Political representation of Latinos in state government has not kept pace with the Commonwealth’s changing demographics over the past decade. A recent report commissioned by a group of 11 organizations called the Greater Boston Latino Network found particularly notable gaps in municipal government.
In Boston, Latinos represent 17.5 percent of the total population but make up the largest ethnic group in the city’s public schools, at 41 percent. However, they only make up 7.5 percent of all appointed leadership positions in Mayor Martin J. Walsh’s administration — these include senior staff, cabinet chiefs, heads of departments, and other executive jobs. In municipal boards and commissions, the representation of Latinos is similar, at 7.1 percent.
In Chelsea, Latinos account for 62 percent of the population — the largest of any municipality in the Greater Boston area — but only 14 percent of executive positions at Chelsea City Hall.

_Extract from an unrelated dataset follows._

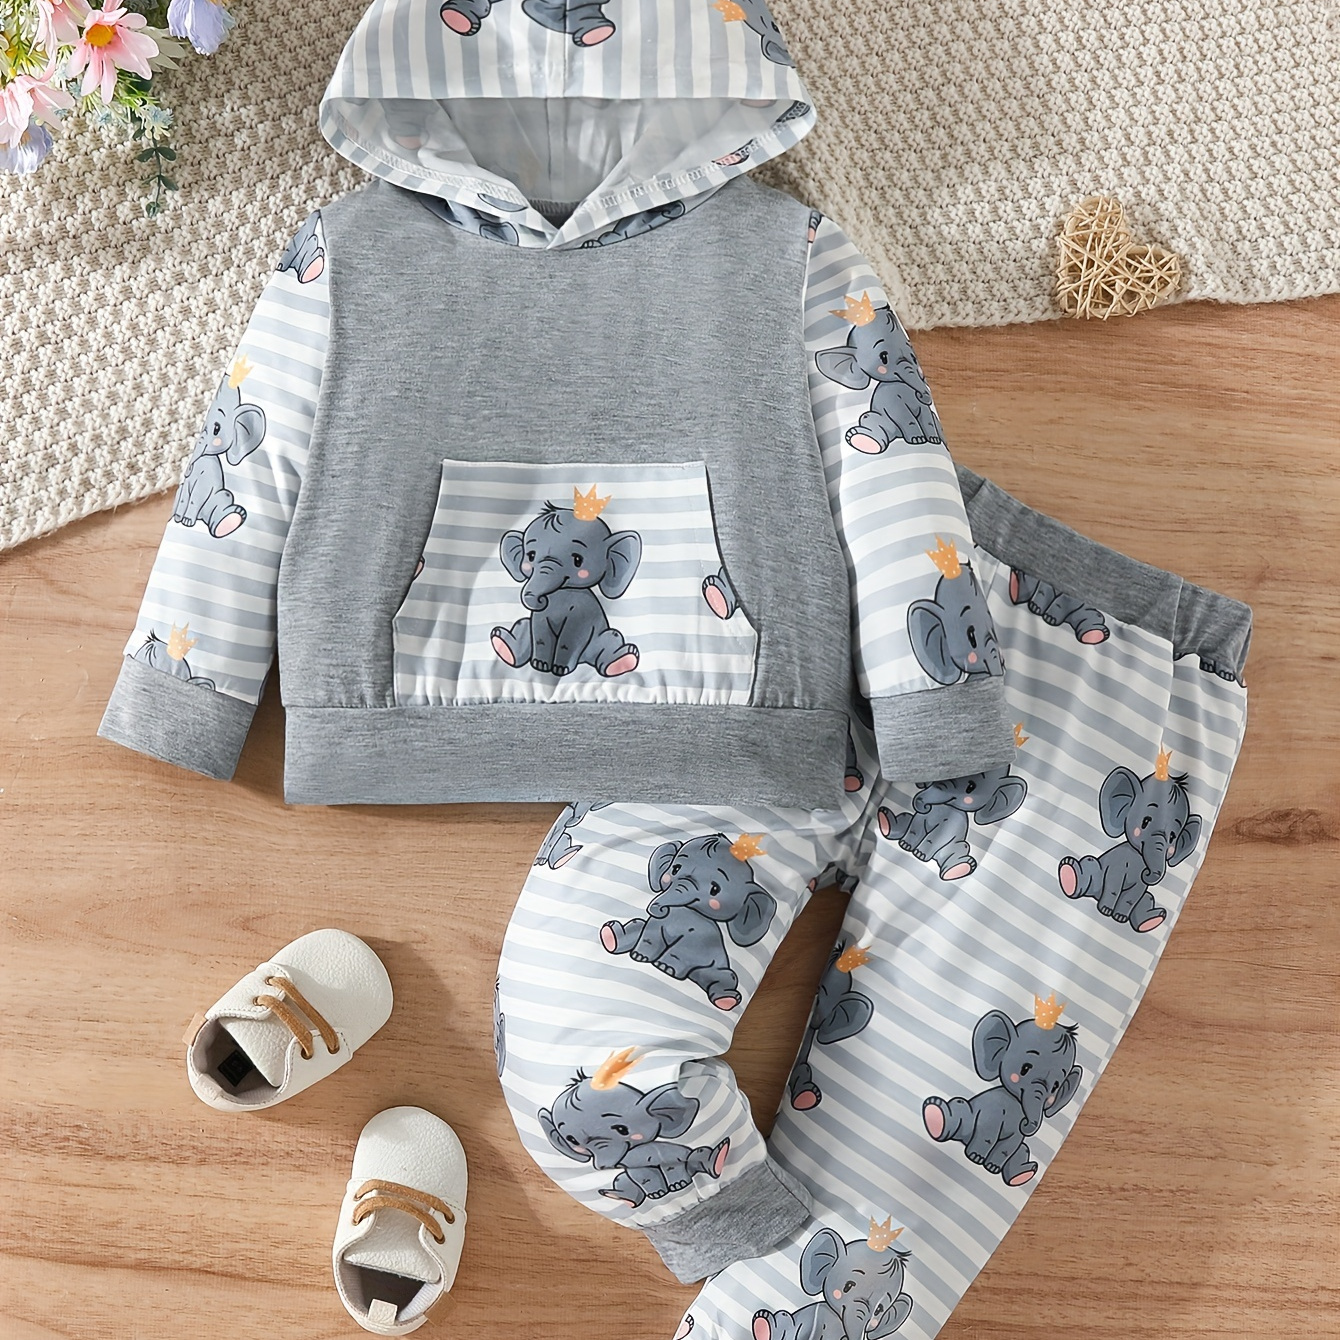 

Boys And Girls Baby Adorable Cartoon Elephant Print Hooded Top And Pants Set

Similarly, in Somerville, where 10.6 percent of the population is Latino, there are no Hispanics in city leadership.
The current numbers are deplorable, to be sure. But they also raise concerns about the future: Political power comes from engagement and from mentoring by established political leaders. It is clear there’s a shortage of Latino political role models who can lead the way for the next generation.

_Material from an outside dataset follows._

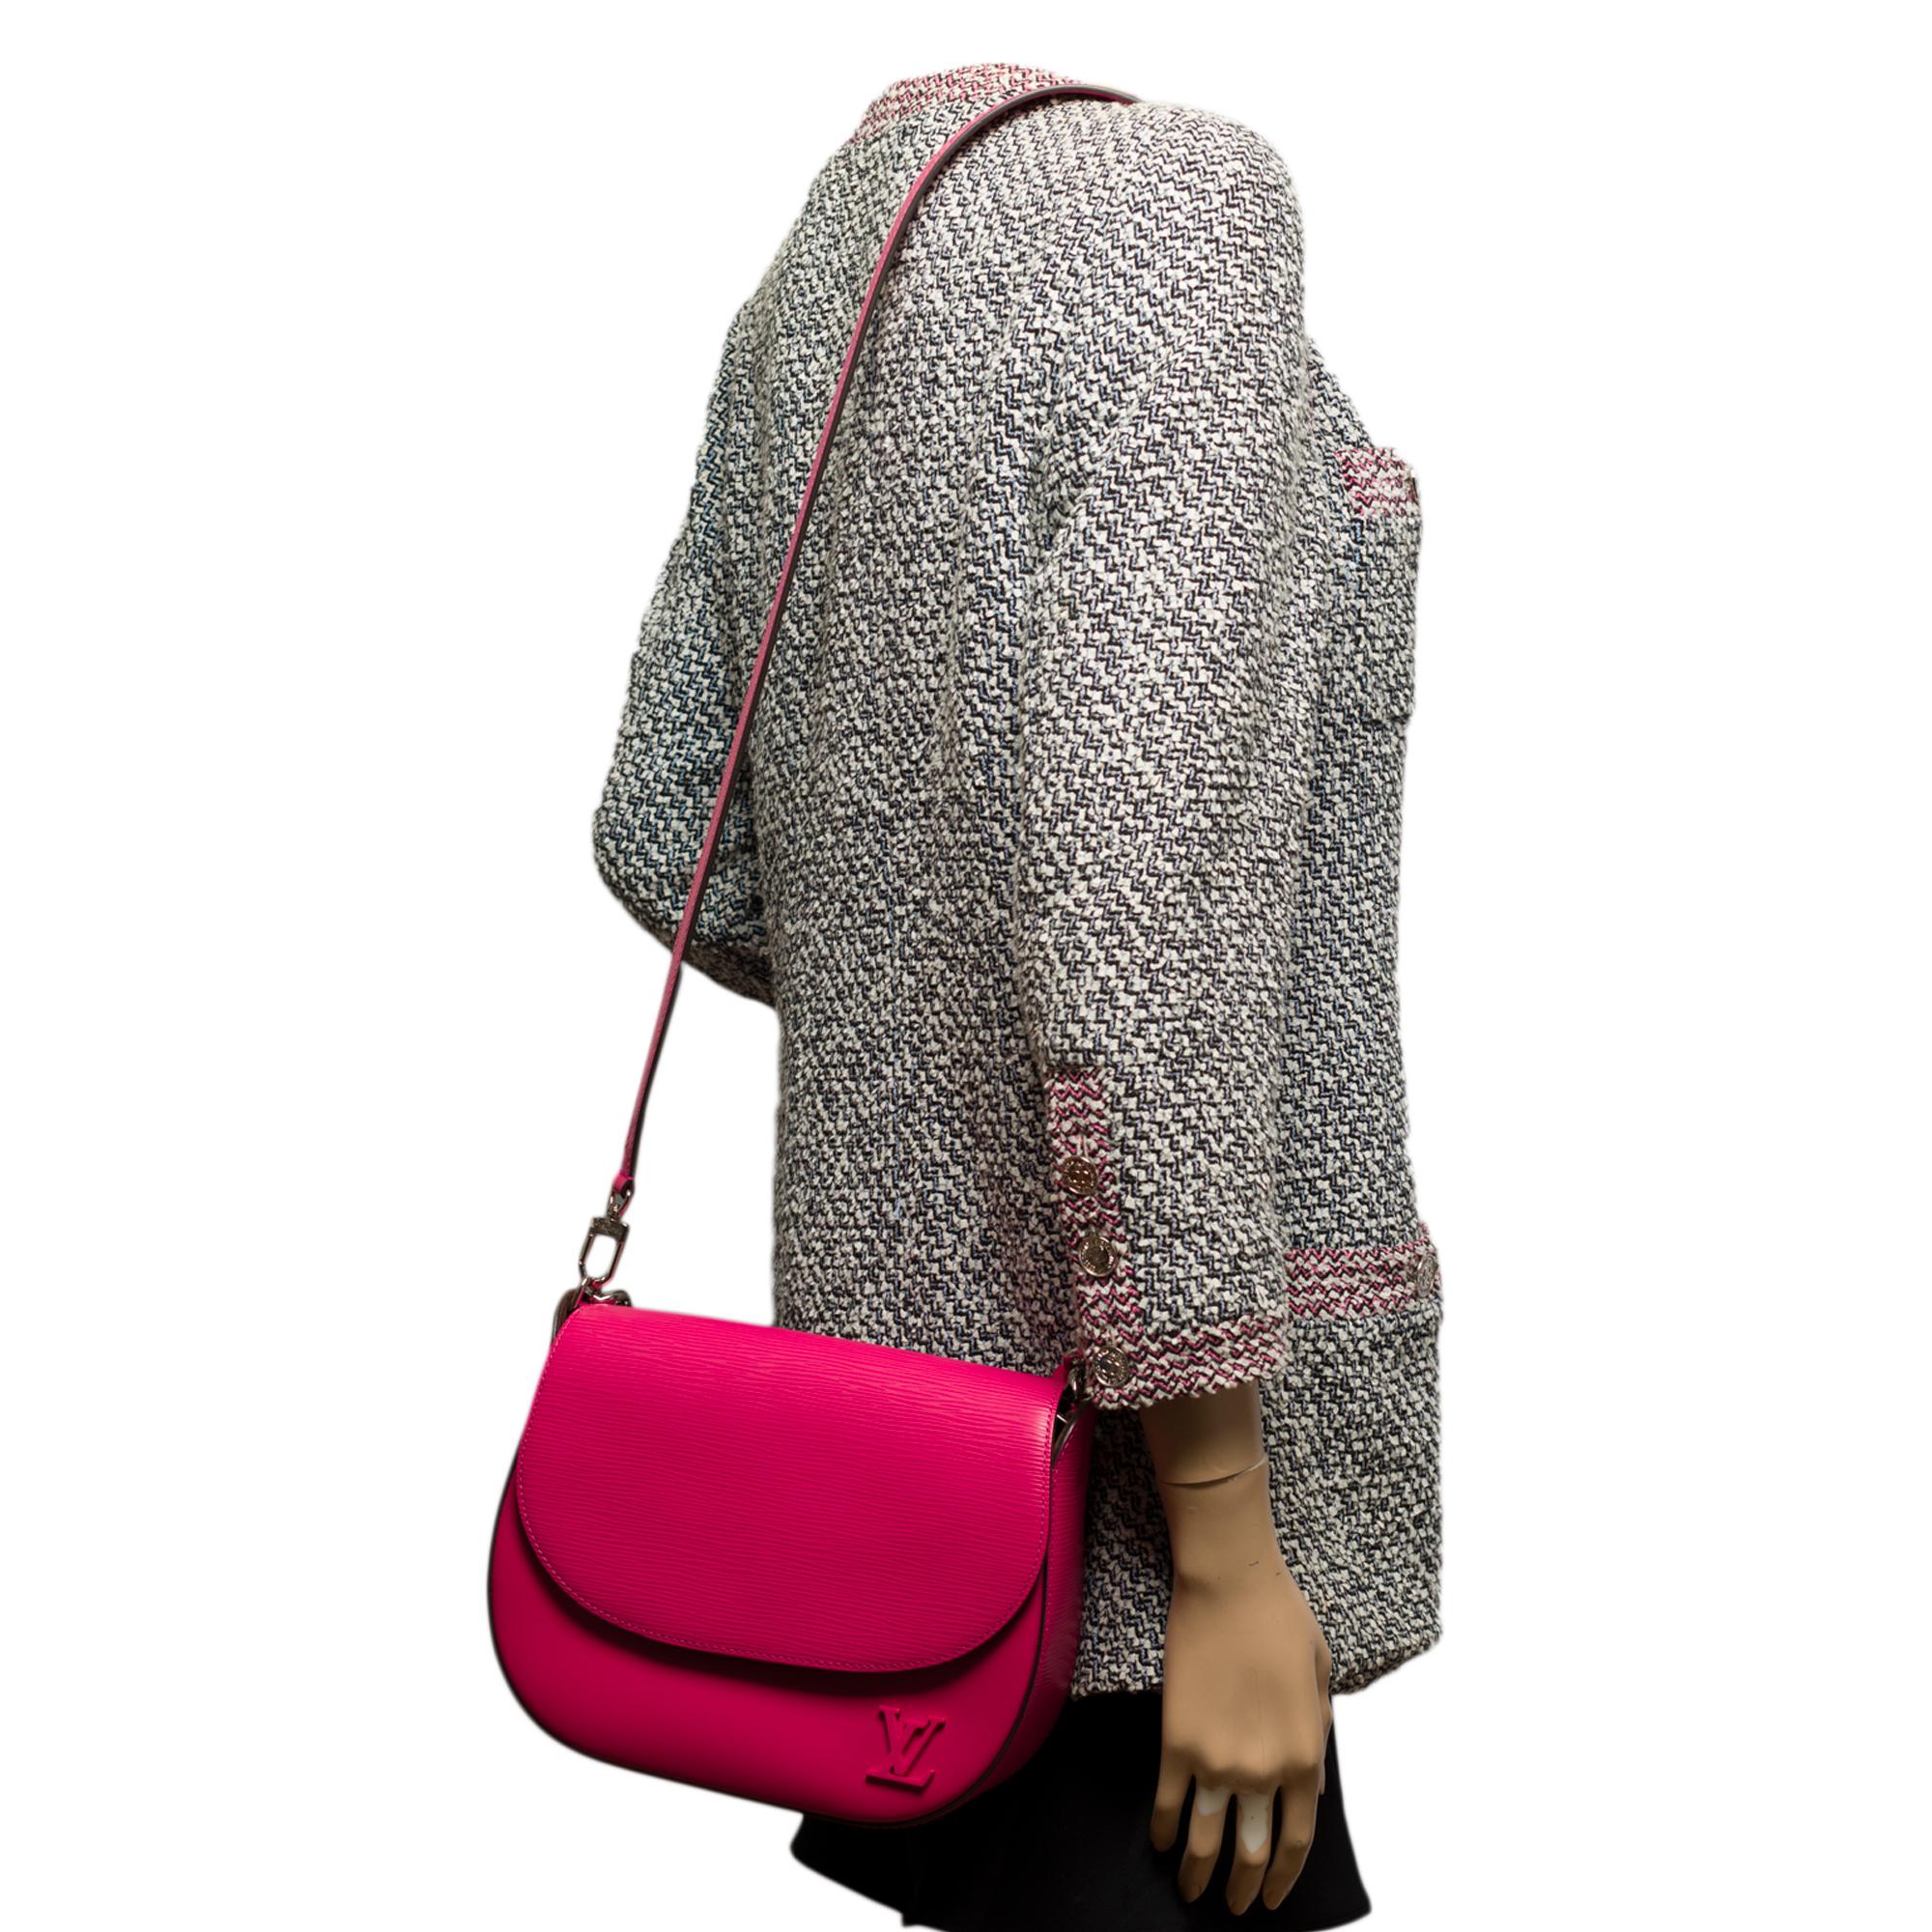 Very Chic Louis Vuitton Luna shoulder bag in Pink epi leather leather, SHW 9

In that sense, Boston’s first-ever chief of diversity could play a major role by ensuring the city hires more prominent Latino leaders. “When people see themselves represented they are going to be more likely to be engaged, to come out to vote, to support candidates that really speak to the needs of their own communities or their own families,” Vanessa Calderón-Rosado, CEO of Inquilinos Boricuas en Acción and a member of the Greater Boston Latino Network, told WBUR.
Political power also comes from unity, and in that sense the Greater Boston Latino Network is on the right track in continuing to raise awareness about the disconnect between Latino population and political power. Attention to demographics, mentoring, and engagement could help strengthen the clout of the state’s growing Latino community and, ultimately, help guide the policies and politics of the Commonwealth.